Had an opposite experience. Did QA for an Android app which set up a local VPN and selectively pushed traffic to a SPDY proxy doing some magic.

Had to do a fair bit of work with Wireshark to troubleshoot protocol issues. It was eye-opening too, especially the amount of traffic generated in the background by Facebook.

Sadly, developers rarely go any further than the network tab in a browser debug tools.


I have kind of the same experience being a database administrator. In so many cases programmers have no clue what is actually happening behind their queries. The worst thing is that they think they know or just don't pay attention! :D


> given a computer, an opcode reference sheet, a way to enter bytes into a computer, and enough time, is capable of making an operating system and a bunch of applications

Yeah, as long as “enough time” is measured in years I could still be a fullstack developer under that definition.

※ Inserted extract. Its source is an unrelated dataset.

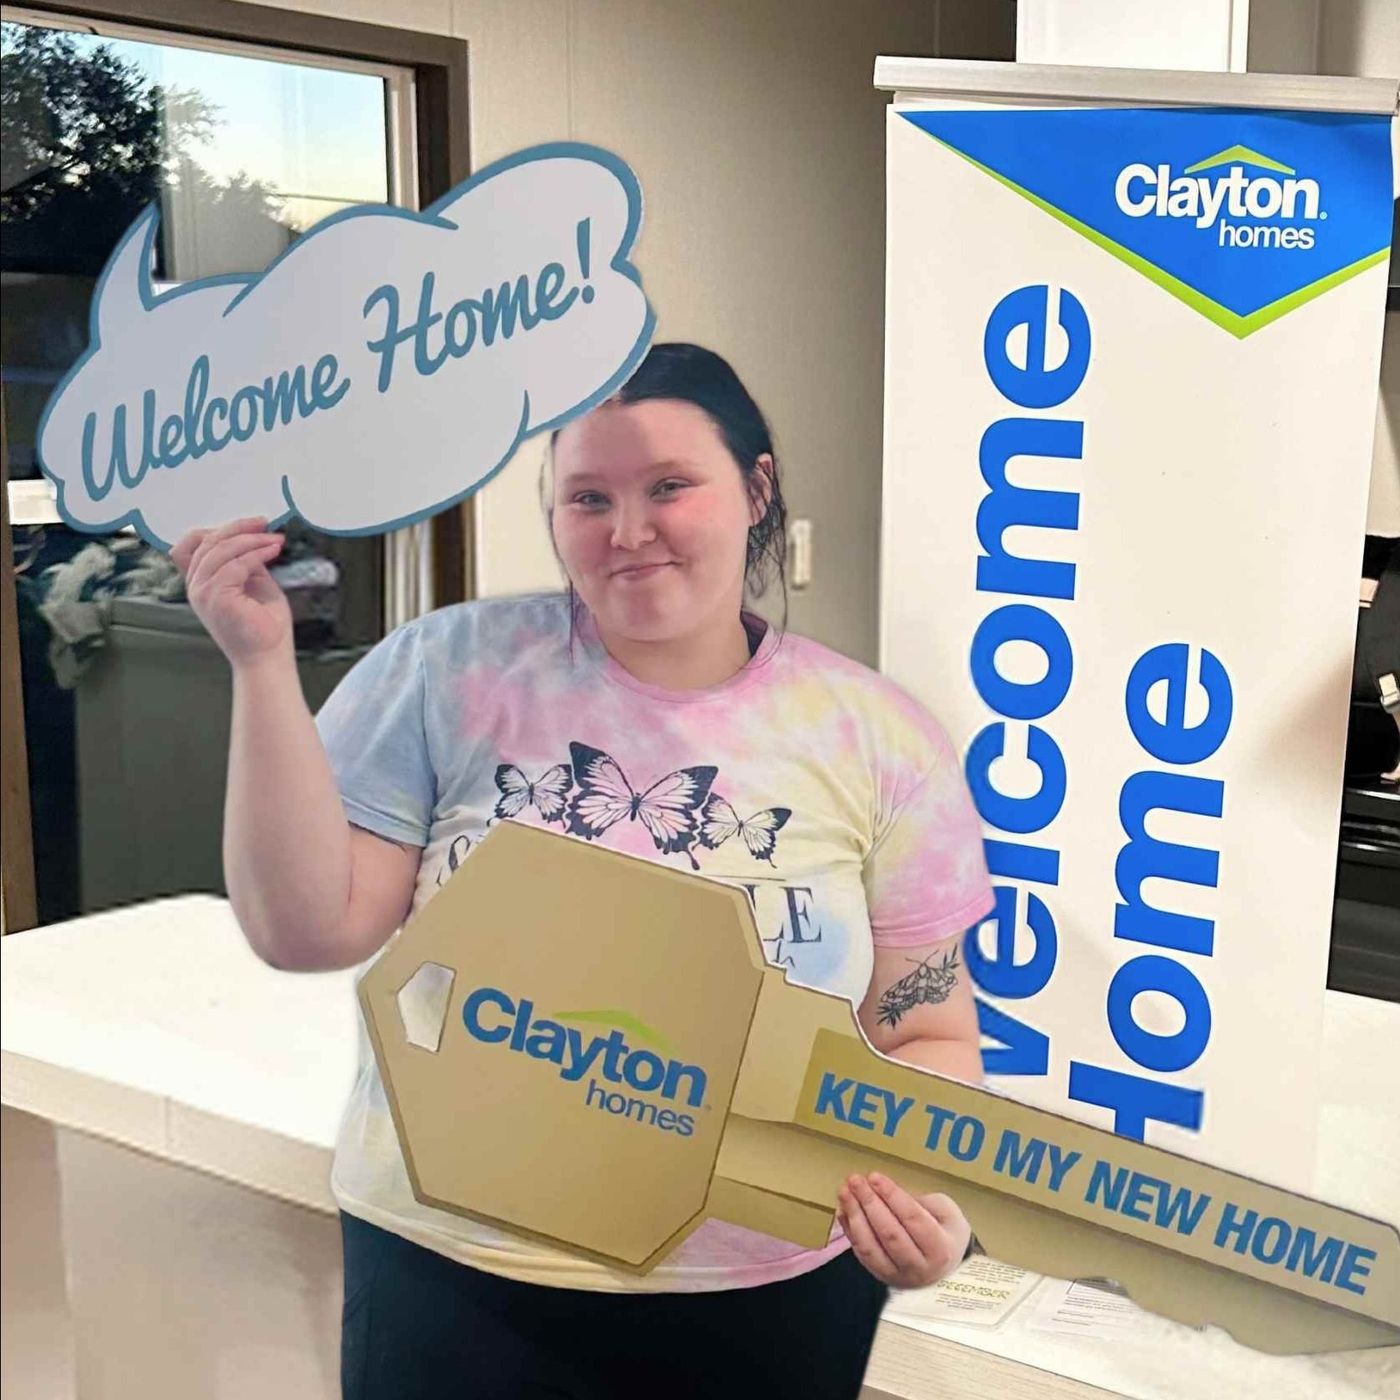 OLIVIA R. welcome home image

There's still a good reason to treat layers as magic though. Mental working space is limited and abstractions with minimal leakage are the only way to get things done at ever increasing speeds.


I'd say there's good reasons to treat some layers as black boxes, but not as magic; you use abstractions precisely because mental space is limited, not because the underlying object is intrinsically non-understandable.

As I replied to another comment below, I wrote "is capable of doing", not "does".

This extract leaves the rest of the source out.